INTERNATIONAL ISSUES
  Finally, a word on international problems.
  President Clinton is trying to make the other industrial nations go along with an international key escrow system with key sharing agreements so that countries doing international police work could share their cases and pool information. Unfortunately, only the U.S. has a Fourth Amendment that is somewhat enforceable in U.S. courts. Outside the US, anything goes.
  This is silly. These agreements amount to telling foreign governments everything there is to know about how Americans and U.S. companies attempt to protect themselves in foreign markets. It says, here is the outline of what U.S. companies do, their techniques of encryption, and the legal limits on how secure their communications can be. And we hope you nice governments and intelligence services in Europe that work hand-in-glove with state-owned companies will reciprocate and let us spy on you as well. This is ridiculous. It just won't work.
  The really disturbing aspect, however, is the way the Clinton Administration abusing international export controls to attempt to make U.S. companies follow regulations that were never approved or considered by Congress, and the way the Administration tried to make international Clipper Chipping a done deal by international agreements before Congress could legislate otherwise. Fortunately, a draft document recently leaked from the OECD suggests the Europeans rejected this. It is not often I am thankful to Europeans, but there it is.
CONCLUDING REMARKS
  As a taxpayer activist, I favor policies that will cause the economy to grow and make the relative size of the state shrink while freedom is expanded. I therefore support freedom of encryption and look forward to the growth of digital commerce.

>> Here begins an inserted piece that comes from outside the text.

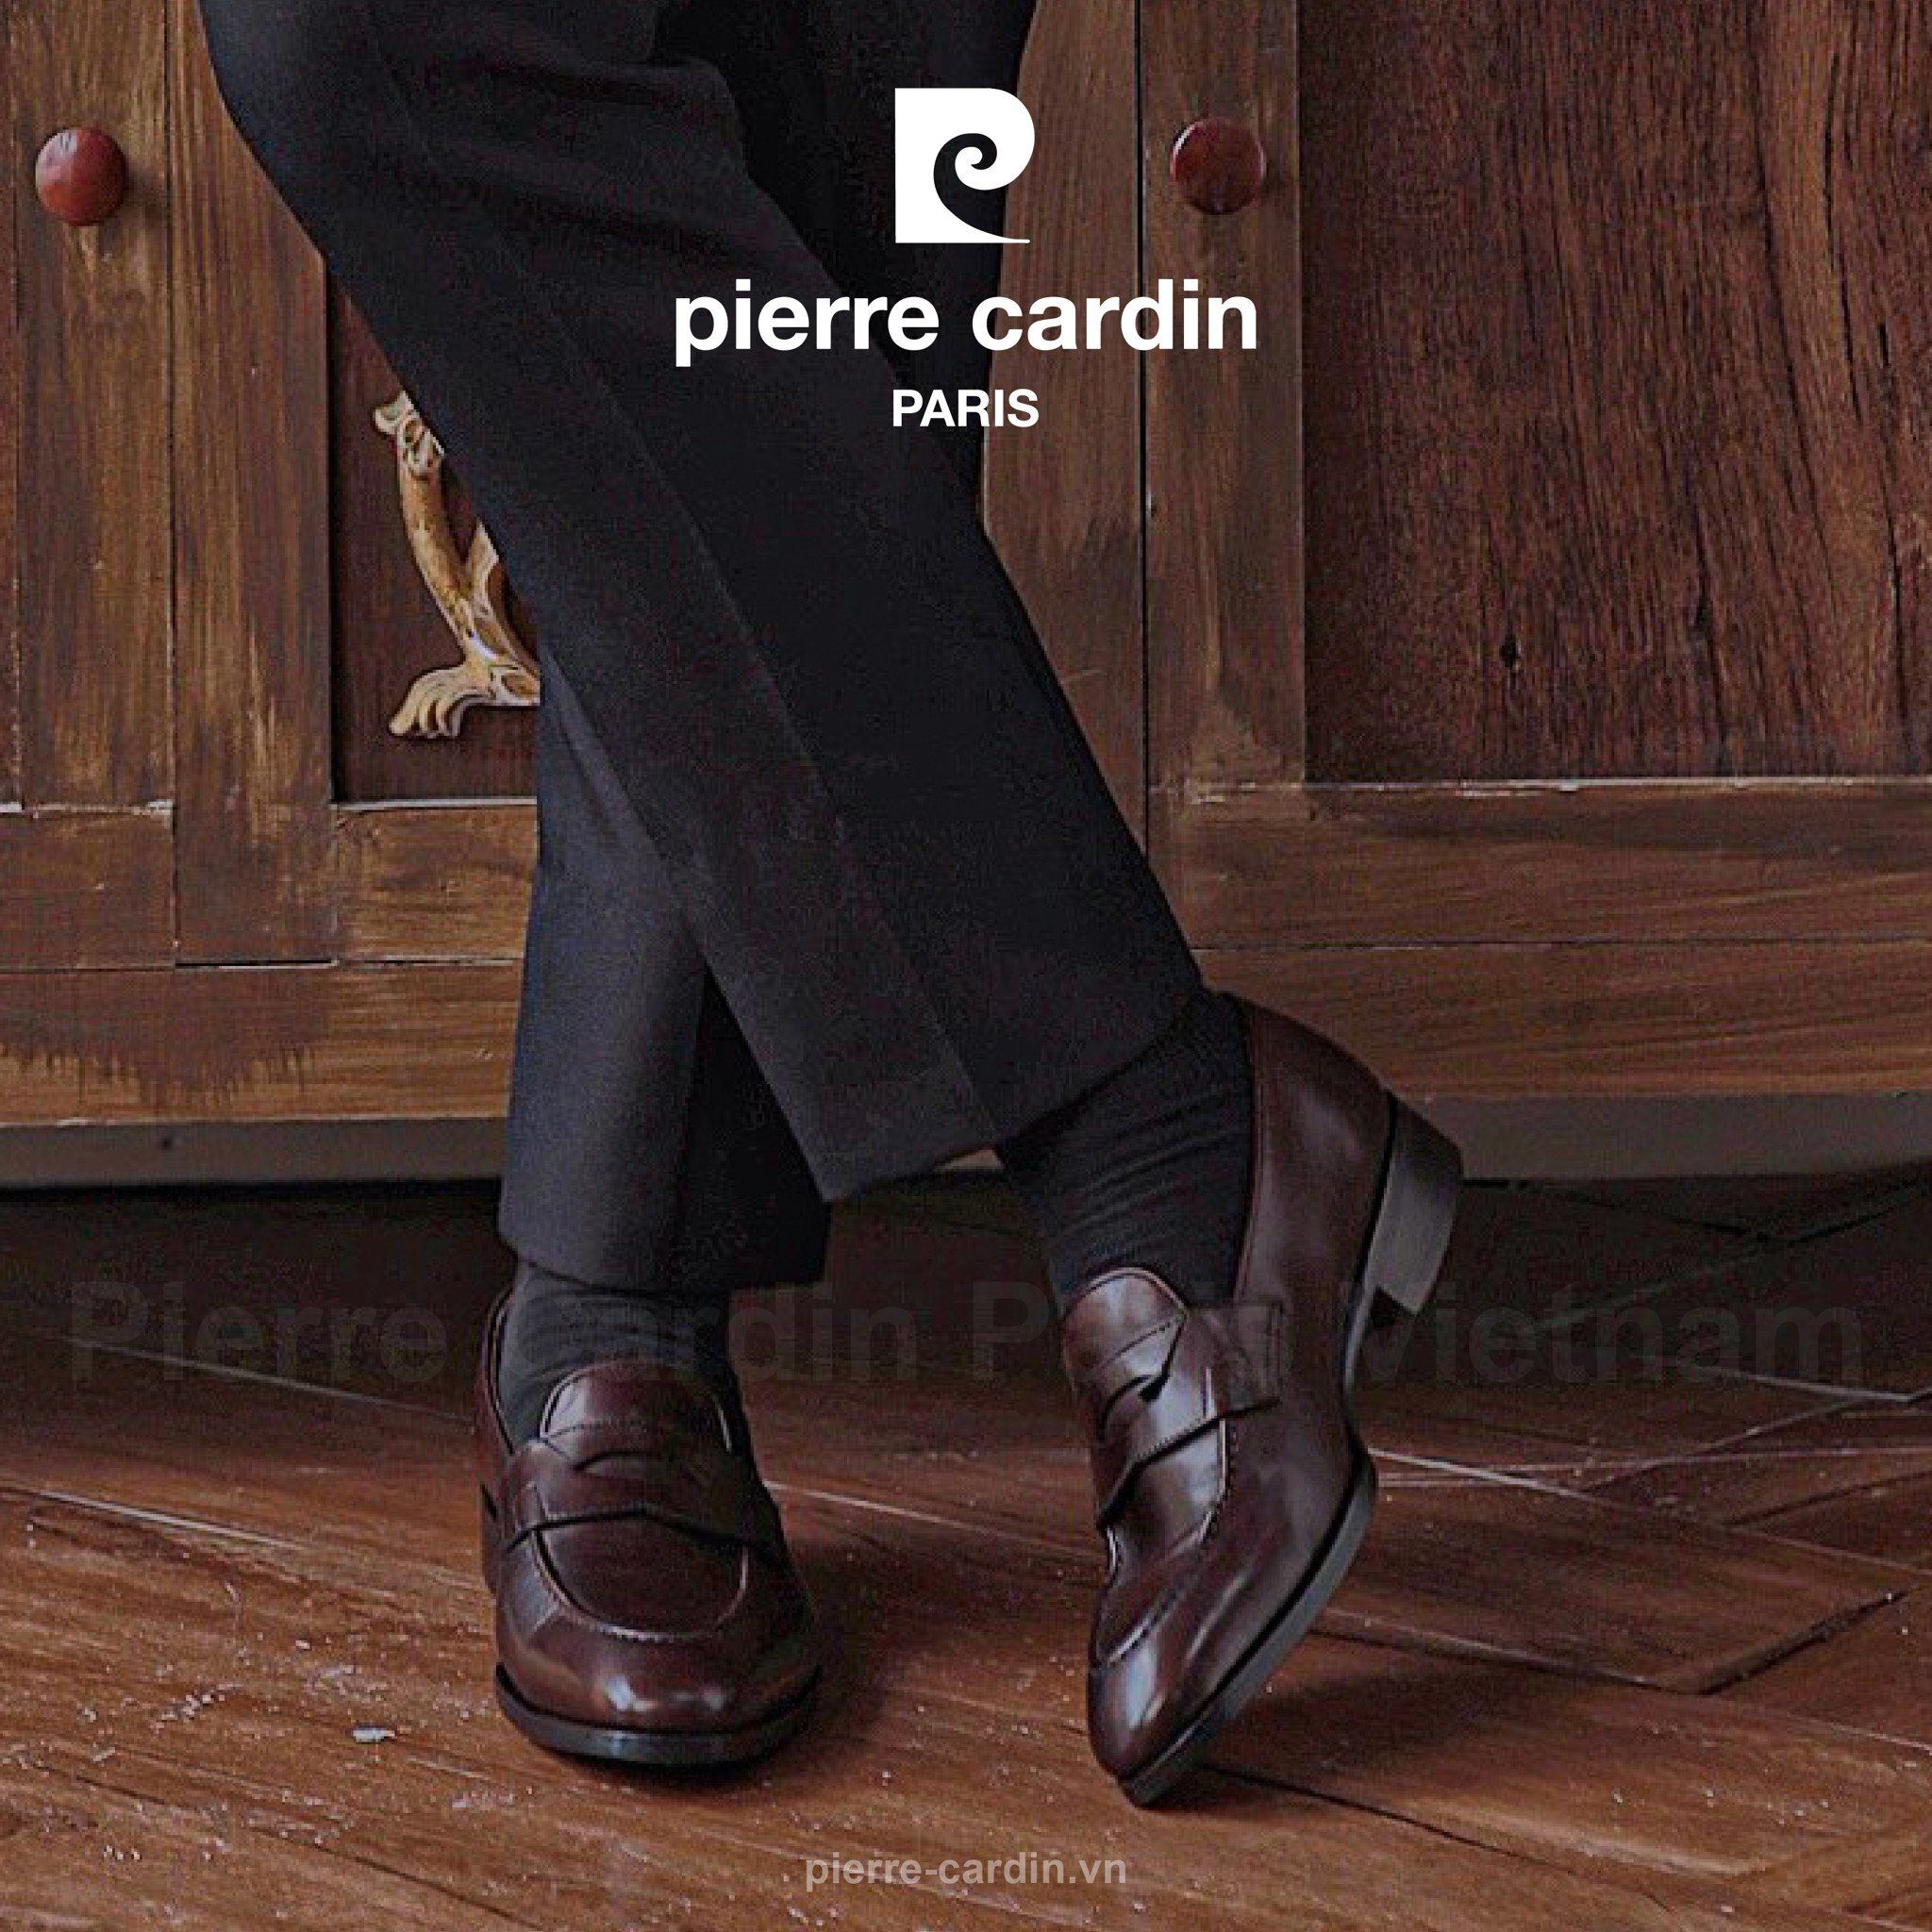 Pierre Cadin Paris Vietnam: Giày Penny Loafer Đế Da Pierre Cardin - PCMFWLH 361 (Da Bò Ý)

  As a taxpayer and a citizen, I also worry about civil liberties and tax and regulatory policy that could cause the size of the state sector to balloon. I do not think the government should be able to sweep my e-mails and read what it wants without great difficulty, though I recognize the government is much bigger than I am and has rooms the size of football fields filled with computers that even the wildest science fiction writer couldn't dream of 20 years ago. The issue is not whether the government should not be able to crack codes. The issue is whether it should be sufficiently challenging to spy on individual people so that systematic surveillance is impractical, as it is know.
  I worry about an America in which the White House can ask for and receive 900 FBI files with sensitive taxpayer information. I worry about an America in which the FBI Director lies to Congress and has to be corrected by his own Inspector General. These guys want to assign me my digital signature and keep my key on file with them or someone they designate?
  The government has tremendous information resources at its disposals in database centers like the Financial Crimes Enforcement Network (FinCEN) which might be called ''the mother of all Government databases.'' FinCEN has literally everything there is to know about you tax records, postal addresses, credit records, banking information, you name it and if more taxpayers knew about it they would be outraged. They would also recognize encryption as the last little bit of protection individuals have against the totalitarian state.
  The government has enough power already. It doesn't need more. I thank you for the opportunity to testify and look forward to your questions.